Let $G$ be a finite abelian group. For $f,g:G\rightarrow \mathbb{C}$ functions. Define their convolution in a point $x\in G$ as $$(f*g)(x)=\sum_{y\in G}f(x-y)g(y)$$
From the definition of convolution is easy show that $$\operatorname{supp}(f*g)\subseteq \operatorname{supp}(f)+\operatorname{supp}(g)$$
When $\operatorname{supp}(f)$ denotes the set of points in $x\in G$ for which $f(x)\neq 0$, and with similar definitions with $\operatorname{supp}(g)$ and $\operatorname{supp}(f*g)$.
But, I spent a pair of hours trying to find functions $f$ and $g$ for which the equality does not hold in general. Since I do a lot of examples in finite abelian groups of the form $\mathbb{Z}/n\mathbb{Z}$ and I always get the equality (is important remark the fact that I always use indicator functions), I'm interested in know examples in finite abelian groups for which the equality does not hold.
Any suggestion or example is welcome.
Consider $G := \mathbb{Z}/2n\mathbb{Z}$ for some $n \in \mathbb{N}$, $n \neq 0$. Let $A := \left\{\bar{0}, \bar{2}, \bar{4}, \cdots, \overline{2n-2}\right\}$ and $B := G \setminus A$.

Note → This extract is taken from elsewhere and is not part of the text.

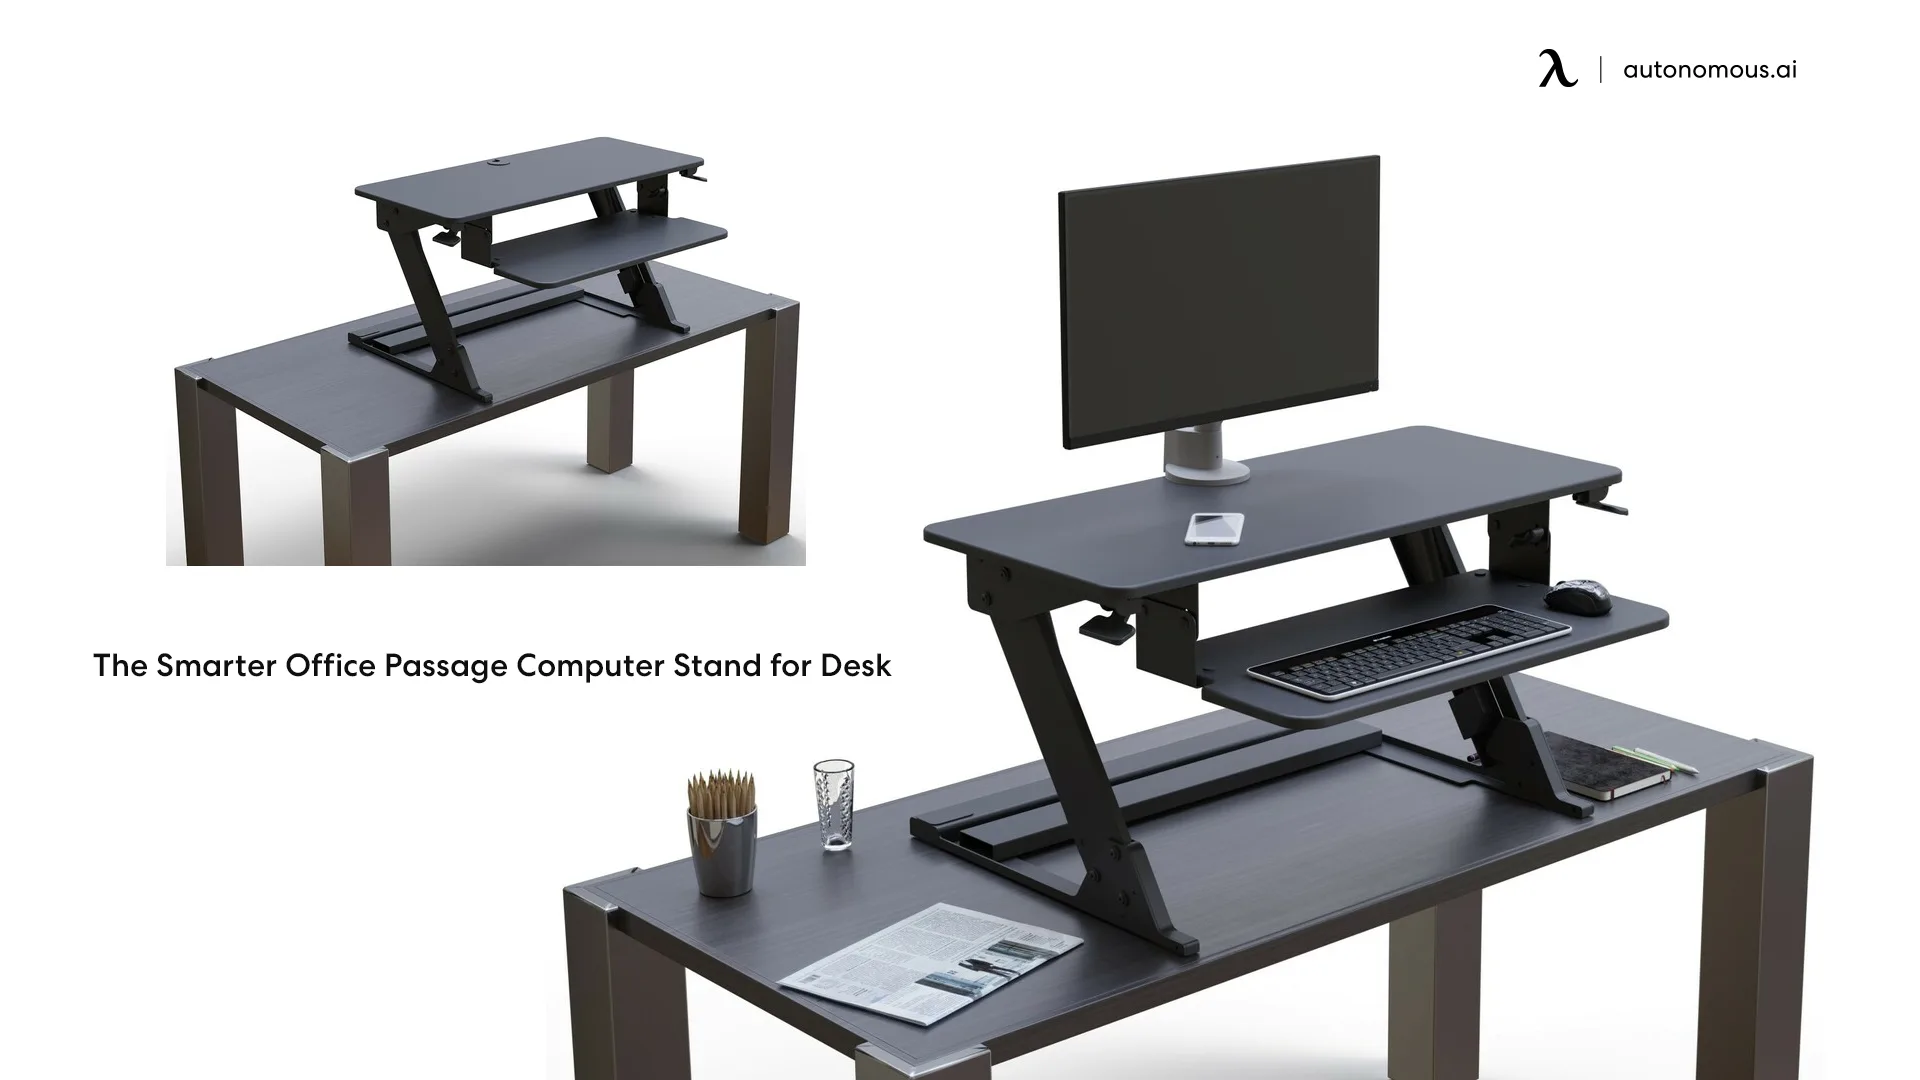 The Smarter Office Passage Computer Stand for Desk

Then, we can observe, using $1_C$ to denote the indicator function for any $C \subset G$ and $1$ to denote the constant function equal to $1$ on $G$, that: $$\left(\left(1_A - 1_B\right) * 1\right)(x) = \sum_{y \in G} \left(1_A(x - y) - 1_B(x-y)\right) = \left|\left\{y \in G \mid x - y \in A\right\}\right| - \left|\left\{y \in G \mid x - y \in B\right\}\right|$$ Now, $G$, $A$ and $B$ were chosen in this particular manner in order to have the two cardinals be equal no matter the $x$ taken, hence the previous convolution is actually the zero function. Indeed, we can see that:
Hence: $$\operatorname{supp}\left(\left(1_A - 1_B\right) * 1\right) = \emptyset \neq \operatorname{supp}\left(1_A - 1_B\right) + \operatorname{supp}(1) = G + G = G$$ and we have the desired counterexample.